They point out that those fascistic groups have drawn their strongest support from minority groups in the Arab world who feared the consequences of an Islamist government. Those movements have tended to have their strongest Muslim support from religious minorities like the Sunni Arabs of Iraq or the Alawites of Syria. The founders of the SSNP and the Kataeb were all Christians, and the founders of the Baath Party were Christian and Sunni.

Some commentators, such as Daniel Pipes, say they only use comparisons to facism when describing a small number of militant Islamist zealots and terrorist.[citation needed] In 2001, Christopher Hitchens wrote, "[T]he bombers of Manhattan represent fascism with an Islamic face, and there's no point in any euphemism about it. What they abominate about "the West," to put it in a phrase, is not what Western liberals don't like and can't defend about their own system, but what they do like about it and must defend: its emancipated women, its scientific inquiry, its separation of religion from the state."[8] Robert S. Wistrich has described Islamic fascism as adopting a totalitarian mindset, a hatred of the West, fanatical extremism, repression of women, loathing of Jews, a firm belief in conspiracy theories, and dreams of global hegemony.[9]

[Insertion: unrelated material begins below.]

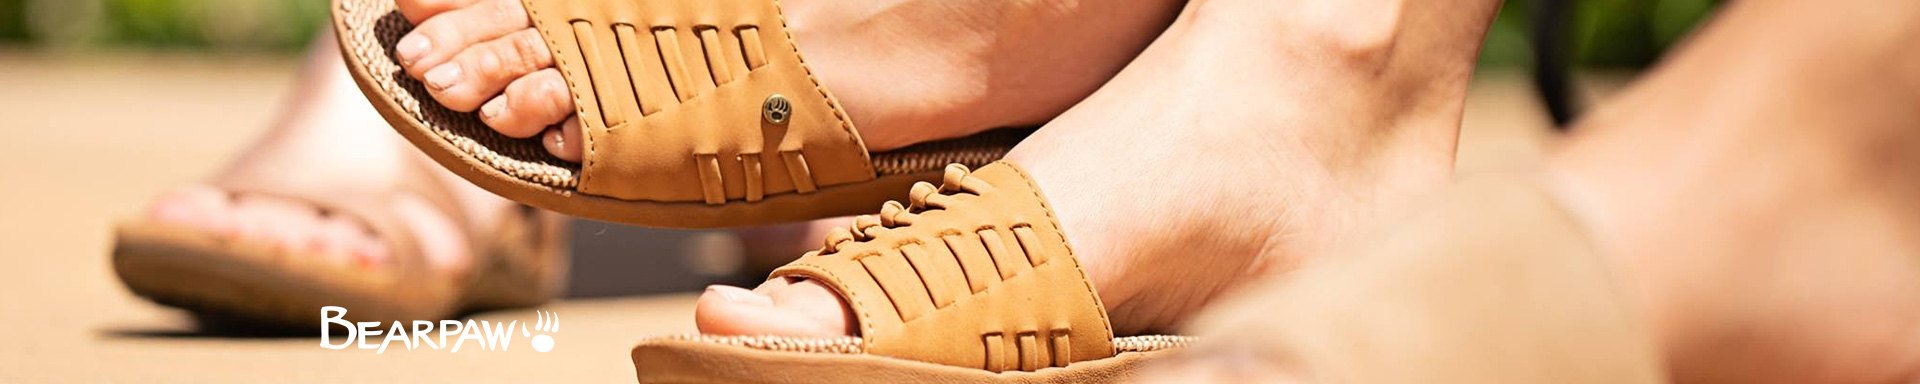 Bearpaw Sandals

In late 2005, President George W. Bush and other high United States government officials began to use the terms Islamo-fascism or Islamic fascism, and suggested that opposing militant Islamic terrorism was similar to opposing the Nazis during World War II.[10] [11] [12] This created storm of controversy as supporters and opponents debated these contentions.[13] [14] [15]

Although the concept of clerical fascism originated in reference to Roman and Orthodox Catholicism, some scholars apply it in Islamic contexts. Walter Laqueur discusses fascistic influences on militant Islam in his book Fascism: Past, Present, Future.[citation needed] Some writers claim that certain strands of Wahhabi or Salafi Islam display some of the signifiers of fascism or totalitarianism.[16][17] [18]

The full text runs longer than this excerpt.